この土地は誰のもの?不動産の名義が亡くなった方のままは危険信号!

2018年6月29日

相続時に不動産の名義変更をしていなかったために複数人の共有になってしまい、その後、名義変更も売却も難しくなるという例が年々増えています。



名無しの権兵衛の不動産はトラブルの元です!

 

相続財産は欲しいものだけ相続はできません。

最近、よくご質問を受けるのが「親が亡くなった際、田舎にある別荘は相続したくないのですが、それだけ放棄するってできますか?」というもの。



残念ながら、この財産は相続するけど、この財産はいらない!ということはできません。



団塊の世代の方は当時の流行だったのか、別荘地や山林などに不動産をお持ちの方が多いように思います。



それを子どもたちは負の遺産とみて、相続したくないと考えているようです。



「いらない不動産は相続登記せずにほっておきます!」こういう方が増えているように思います。固定資産税が課税されない土地だと、なおさらこの傾向が強いです。

相続登記をしていないと後々面倒なトラブルに発展?

相続が発生した後、不動産の名義変更の登記についての期限(義務)はありません。



では、誰が相続するのか決まらないまま登記せず、ほっておかれた不動産はどうなるのでしょうか?



名義人が亡くなってから次に名義を書き換えるまでは、事実上その不動産は相続人全員の共有状態になります。万が一、その相続人の一人が亡くなるとその方の所有権はその方の相続人に引き継がれます。



それがどんどんと続いていくと・・不動産の共有者が十数人まで膨れ上がった事例もあるのです。この不動産を売却しようとすると、その全ての共有名義人の同意と印鑑が必要になってきます。



もし、一人でも同意しない人が出て来ると登記はできず、当然売却もできなくなります。



挙句、長年登記が変更されず所有者が分からなくなっている「所有者不明土地」も増えてきているのです。その「所有者不明土地」は民間有識者の研究会の推計では、全国で約410万ヘクタールにも上るというから驚きです。

 

相続登記を義務化

総務省は2018年6月1日にこの「所有者不明土地」に対して、相続登記を義務化する仕組みを検討すると発表しました。

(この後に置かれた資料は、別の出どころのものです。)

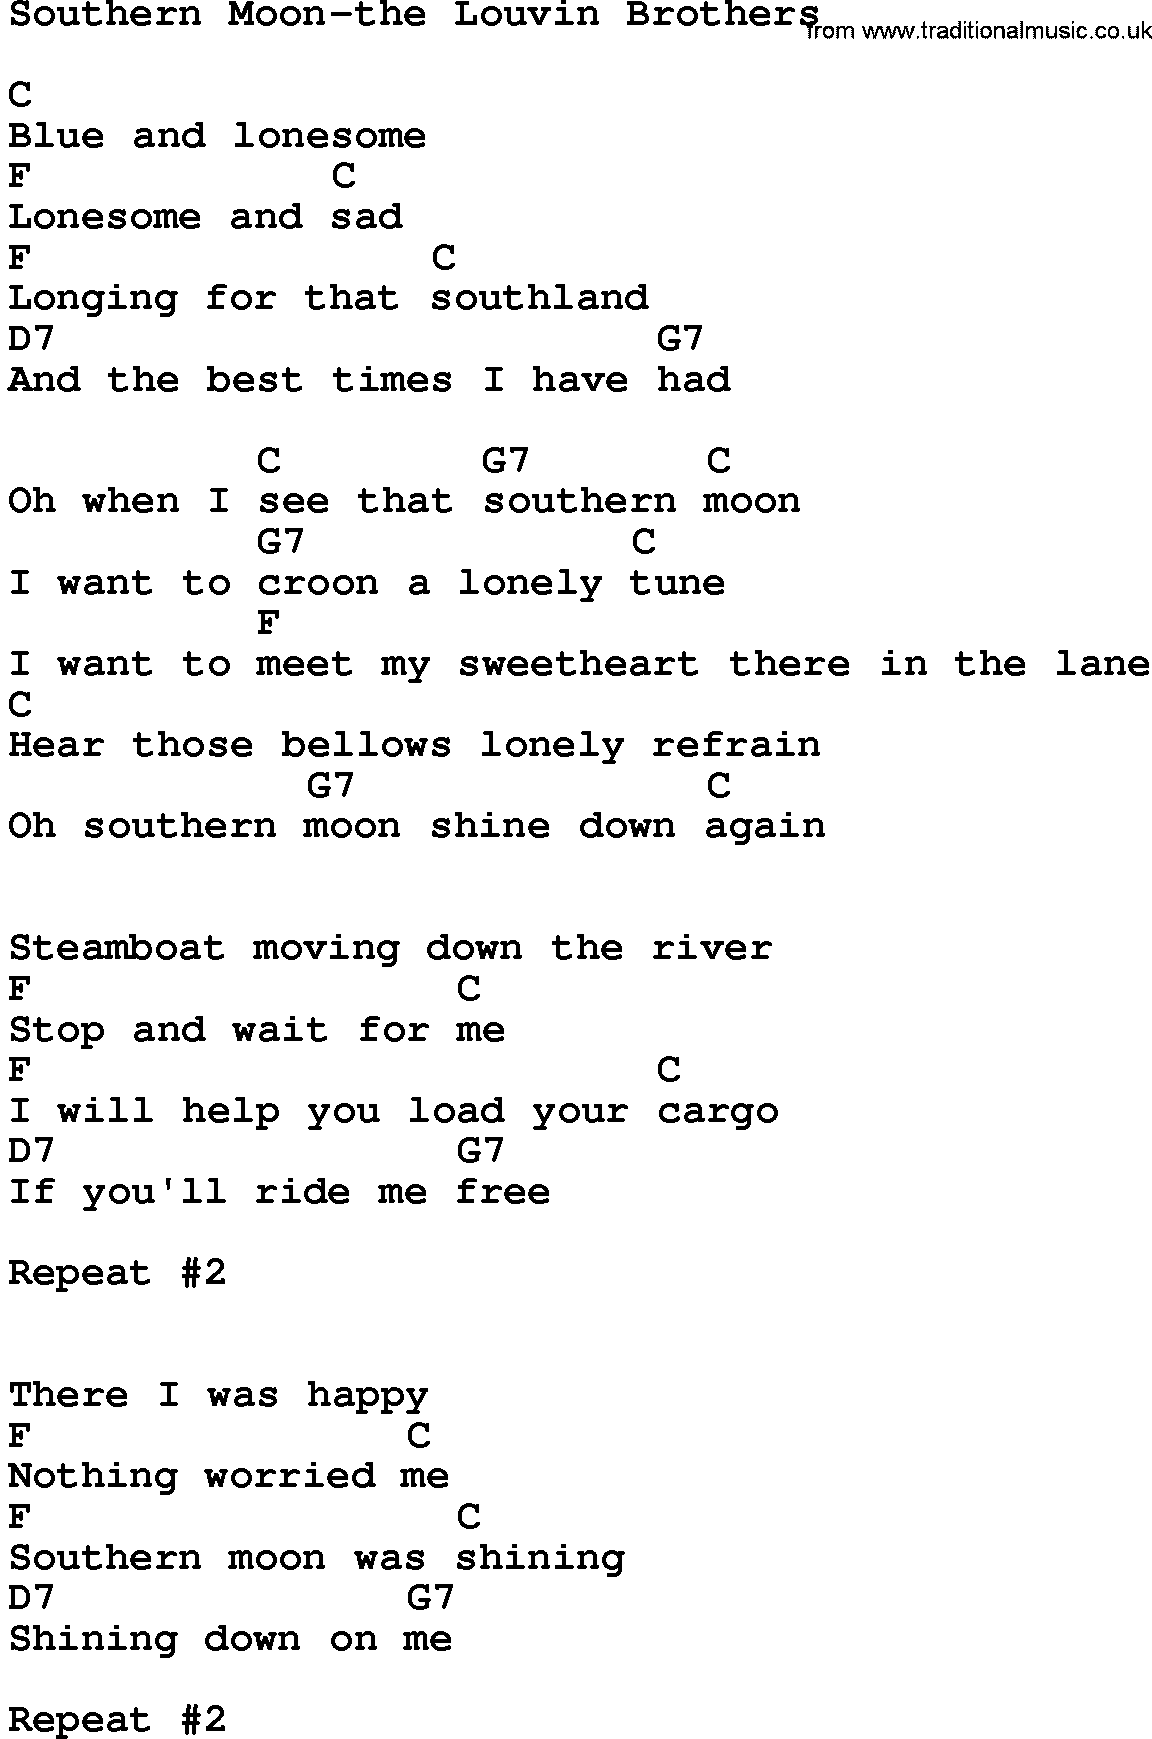 Country music song: Southern Moon-The Louvin Brothers lyrics and chords

これが施行されたら、ほったらかしのままというわけにはいかなくなります。



権利関係が複雑化する前に、登記は済ませておきましょう。

土地所有権の放棄ができるようになる?

また、同時に「不動産の所有権を放棄できる制度」の検討にも入ったようです。



前述のように「この別荘はいらない~~」というような安易な理由では、今後も放棄はできないと思いますが、何らかのやむを得ない事情があって放置されているような不動産は要件を満たせば放棄できるようになりそうです。



今後、どのように法改正されていくのか注目です。

不動産の名義は現所有者に!

いずれにしても、安易な理由で相続した土地の名義変更をしないことはおススメできません。



お子さんたちが、不動産の相続をめぐりトラブルに発展しないためにも事前に誰に何を相続させたいのか家族と話し合い、争いの種をお子さんたちに残さないよう、きちんと準備をしておきましょう。



また、ご自身の代で未登記の不動産があるなら今のうちに登記を済ませるようにし、やはりお子さんたちが困らないようにしたいものですね。